If you check out the later stages of my Messines diorama in the Figures and Diorama section you'll see my 1/72 scale figures and how I painted them. I also use acrylic paints, Vallejo have become my favourites now, originally I used Humbrol acrylics when they were virtually the only ones out there!
If you are painting the figures for a diorama and they won't be handled afterwards then you shouldn't need to bother with any varnishes on the figures themselves, wargame figures on the other hand are usually protected with a varnish (usually matt but sometimes gloss) simply to protect the paint from being worn away by repeated handling.
Larger scale figures can sometimes benefit from satin or gloss varnish on certain wooden, leather or metal items like wooden stocks or leather straps etc just to accentuate their textures being different from the cloth of the uniforms but in 1/72 scale there's no need for any of that.
As far as 1/72 scale vehicles and decals, the decals will adhere better to the models if they are first given a gloss finish (even though they're supposed to be matt), then use one of the decal solutions like Decalfix by Humbrol which softens the decals more than just plain water so they follow the shape of the vehicle better, especially if they are applied over rivets etc. You can either use a gloss varnish or (if you can get it) use Pledge "Multi-Surface Wax" (formally known as Johnson's Klear). This will give a good surface to apply the decals to and once they are dry you can return the vehicle to a matt finish with a matt varnish by brush or airbrush ( a cheapie one is fine for that!)

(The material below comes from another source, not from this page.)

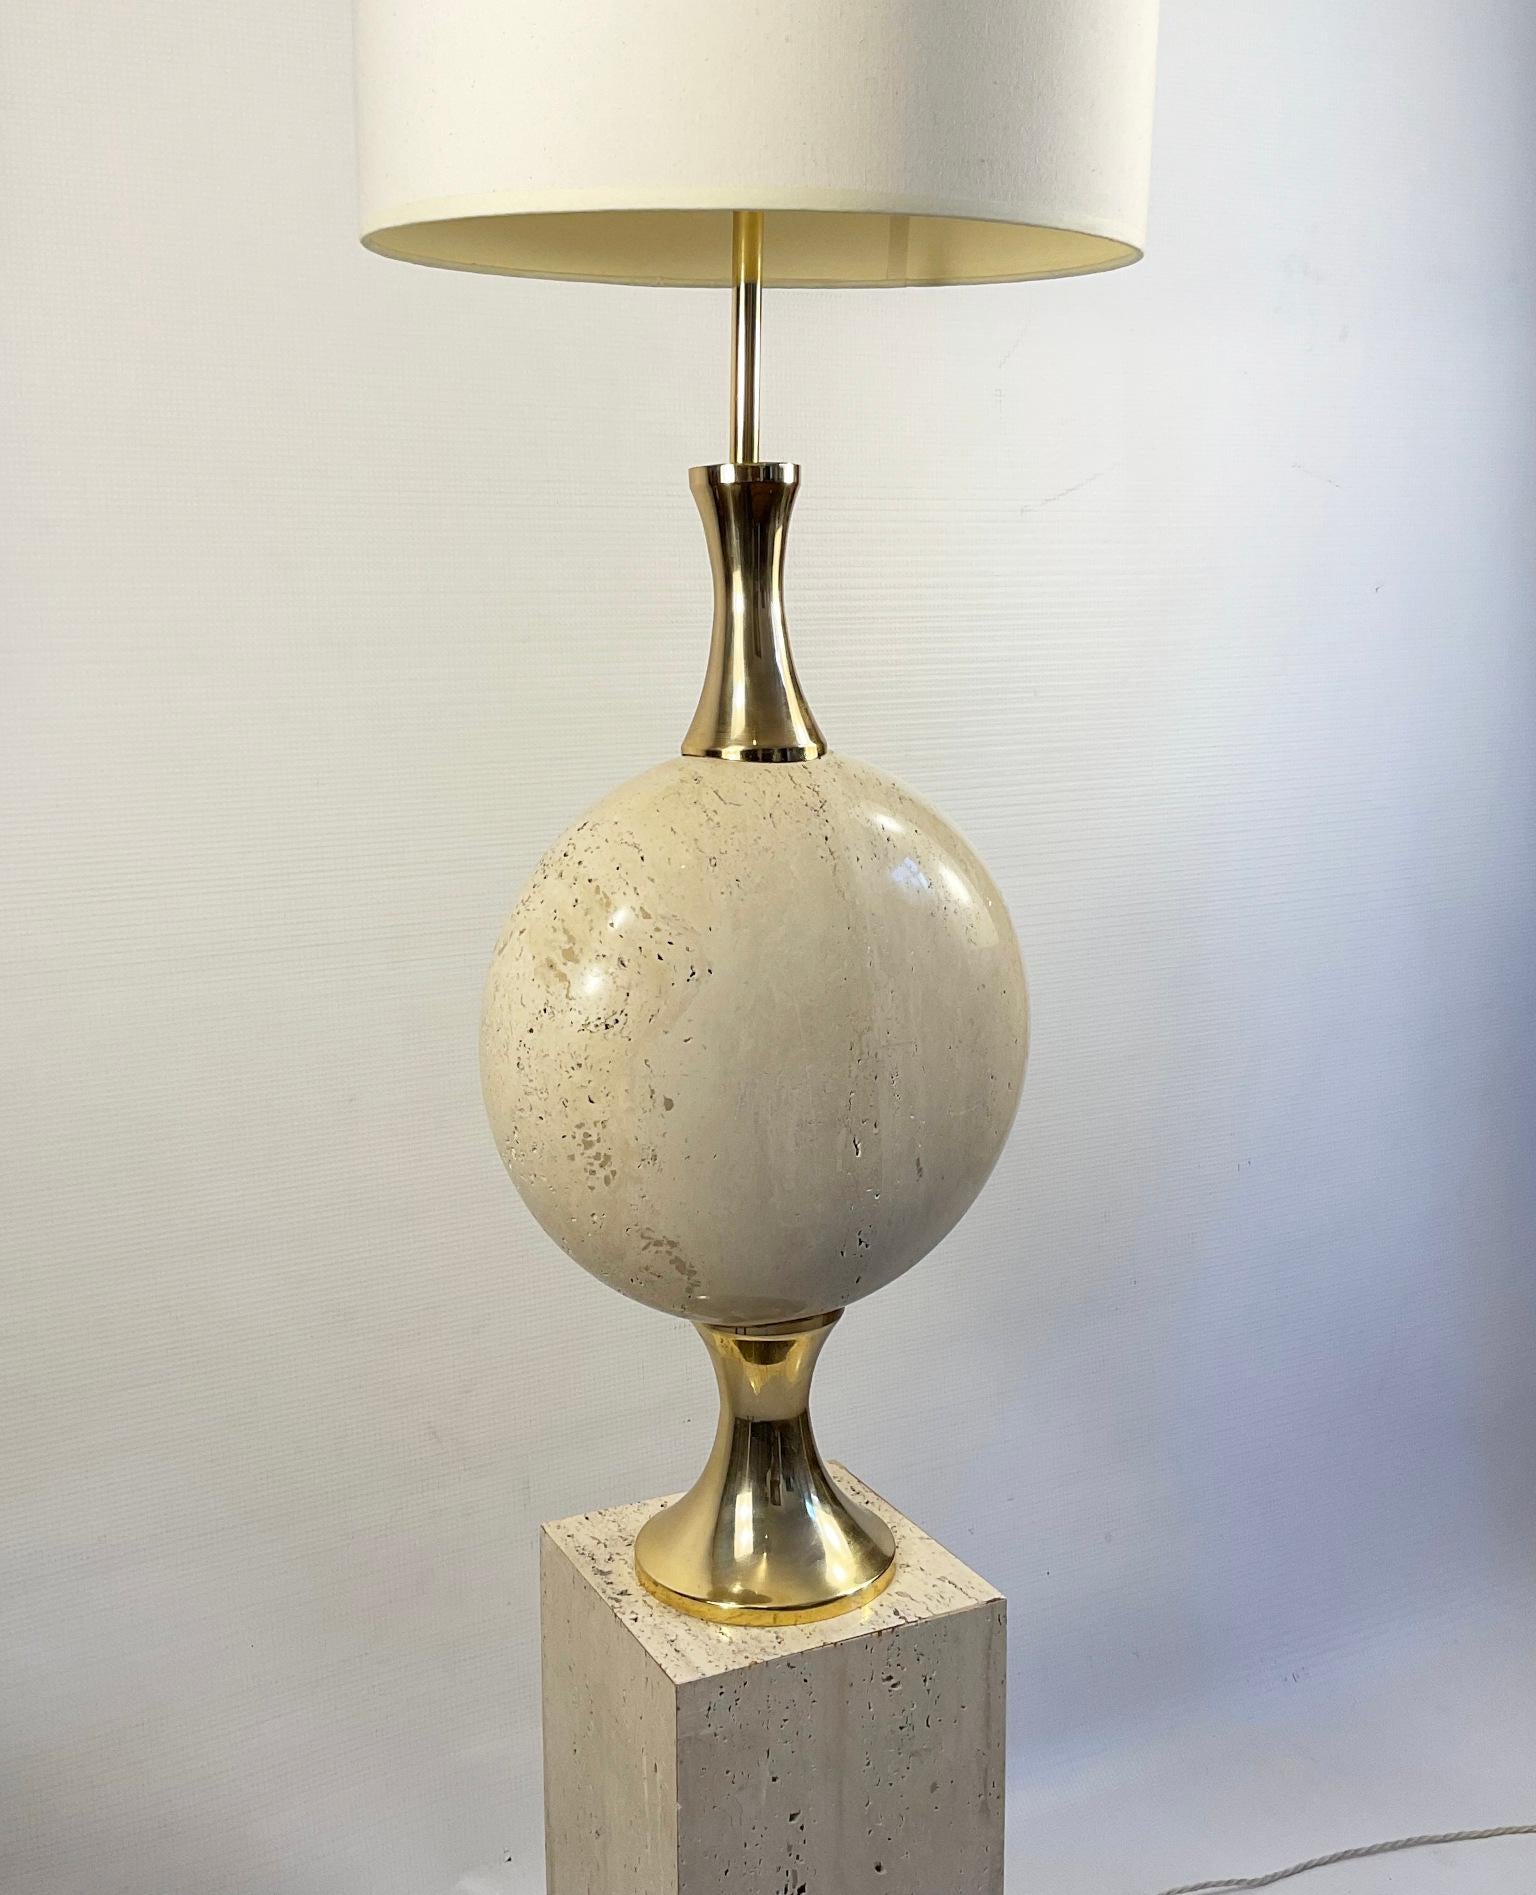 1970s Travertine Floor Lamp by Philippe Barbier for Maison Barbier Paris France In Fair Condition For Sale In London, GB

As far as the Mr Hobby's Paint Washes, I've never used that brand but I've used Citadel Ink washes which are water based. I would think that they would go better without any clear coat on the figures (I just apply the washes straight onto the acrylic paint). As for the vehicles, I'd use the wash after the matt varnish used to seal the decals on myself as you would want the wash to 'dirty' everything including the vehicle markings.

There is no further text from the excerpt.